|Rocky Head Baptist Church.|
I’ve always had an interest in Civil War history, and I think this is mostly because when I was young I learned that my fourth-great-grandfather Lewis Lavon Peacock was with Robert E. Lee’s Confederate Army of Northern Virginia when Lee surrendered at Appomattox in April 1865. Lewis Lavon Peacock was born in Coffee County, Ala. in 1844 and, in April 1862, he enlisted at the age of 17 in Kolb’s Battery and served in Kentucky and Tennessee, including the famous Battle of Chickamauga.
At the time of the war, apparently Rocky Head, a small community in Dale County, Ala., was Lewis Lavon Peacock’s hometown. In August 1864, after two years of military service, he was granted a furlough to return home to Rocky Head. After that time off, he returned to duty in January 1865 and after the Confederate surrender at Appomattox, it’s said that Lewis Lavon Peacock walked all the way home, presumably to Rocky Head, from Virginia, a distance of 631 miles along modern roads.
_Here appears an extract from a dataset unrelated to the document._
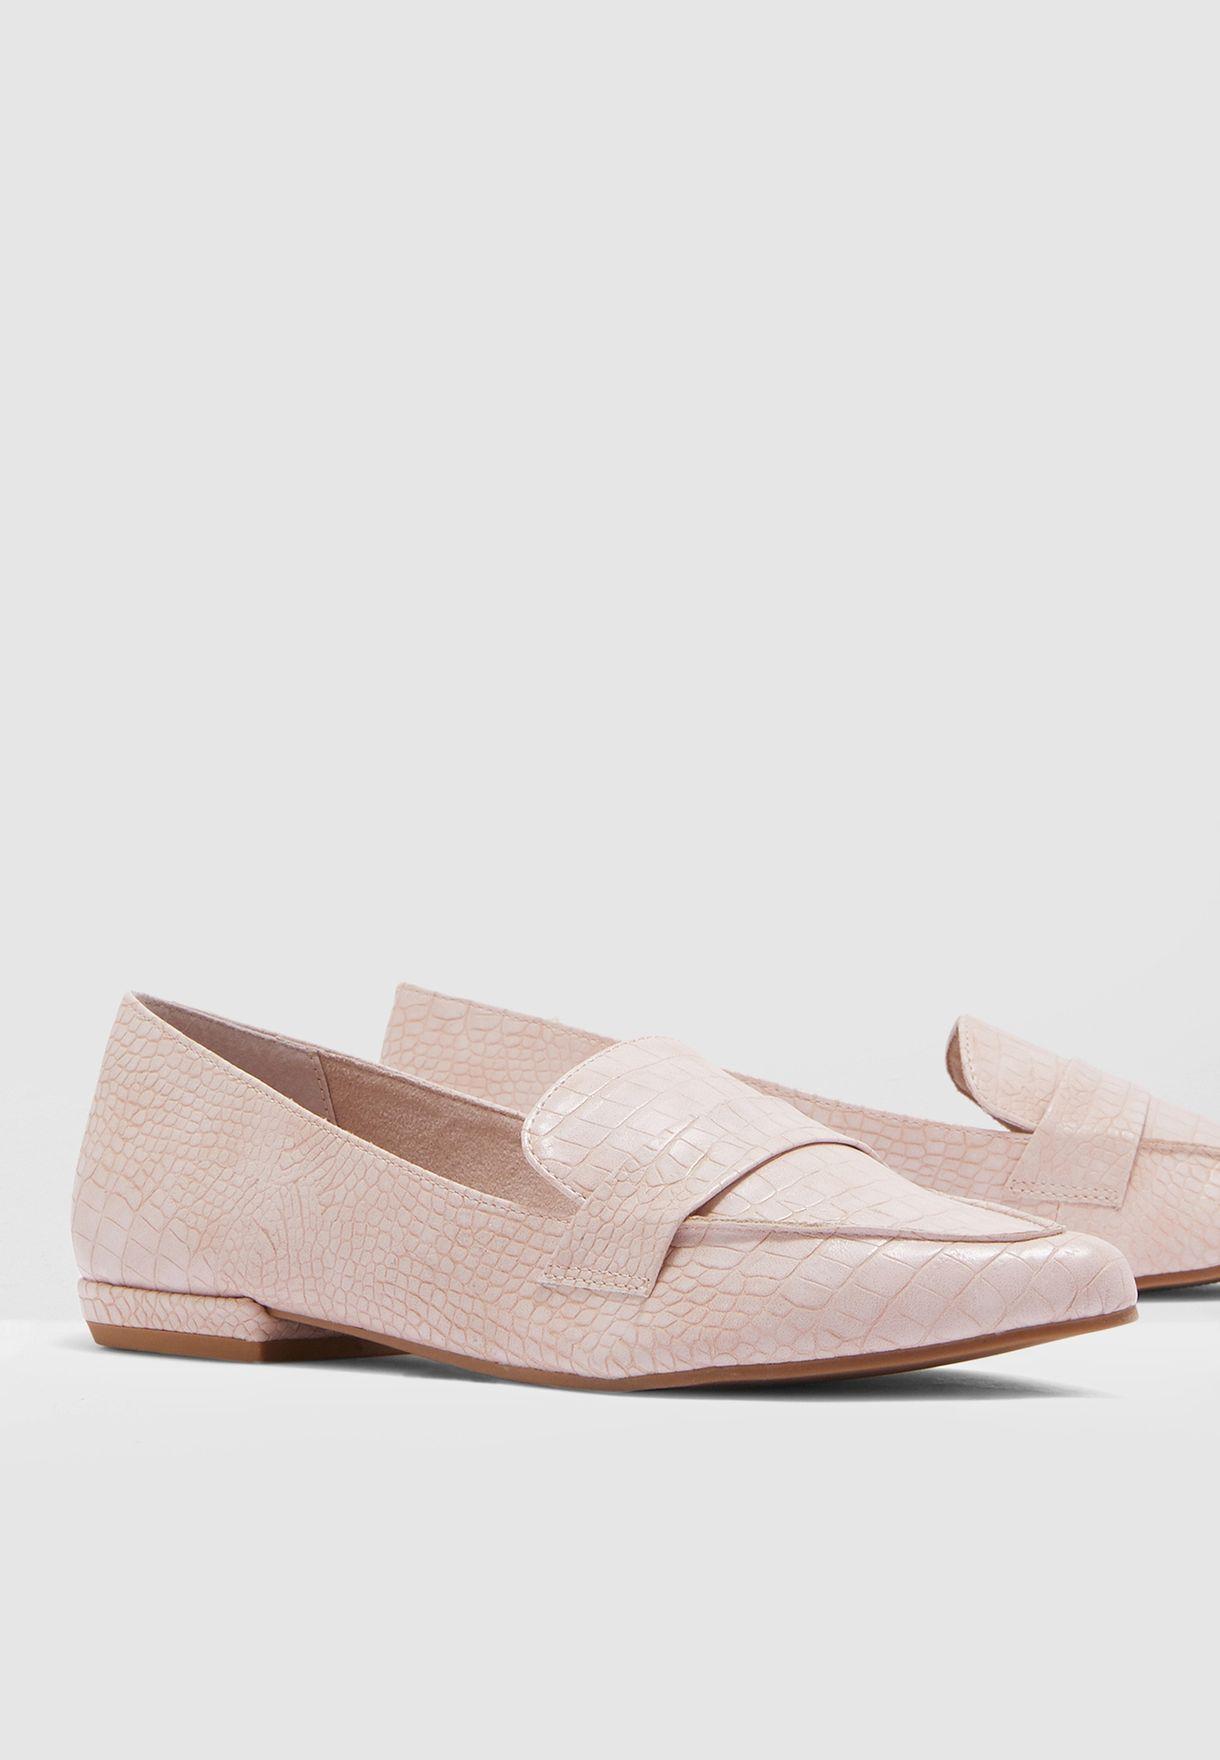 Carver Moccasin - Pink

I’ve always wanted to see Lewis Lavon Peacock’s hometown for myself, which is why I put a trip to this Southeast Alabama community on my bucket list several years ago. On Saturday afternoon, my son and I found ourselves in that part of the state, so we made a quick trip to Rocky Head to see the place that our Confederate ancestor called home. In all, we probably spent 20 to 30 minutes there, and it was nice to finally see Rocky Head for ourselves.
For those of you unfamiliar with Rocky Head, it’s a small, unincorporated community on State Highway 51, just south of Ariton. Rocky Head is in Dale County, but it’s just north of the Coffee County line, not far from New Brockton. I was unable to find out how many people live there, but my guess is around 100 people.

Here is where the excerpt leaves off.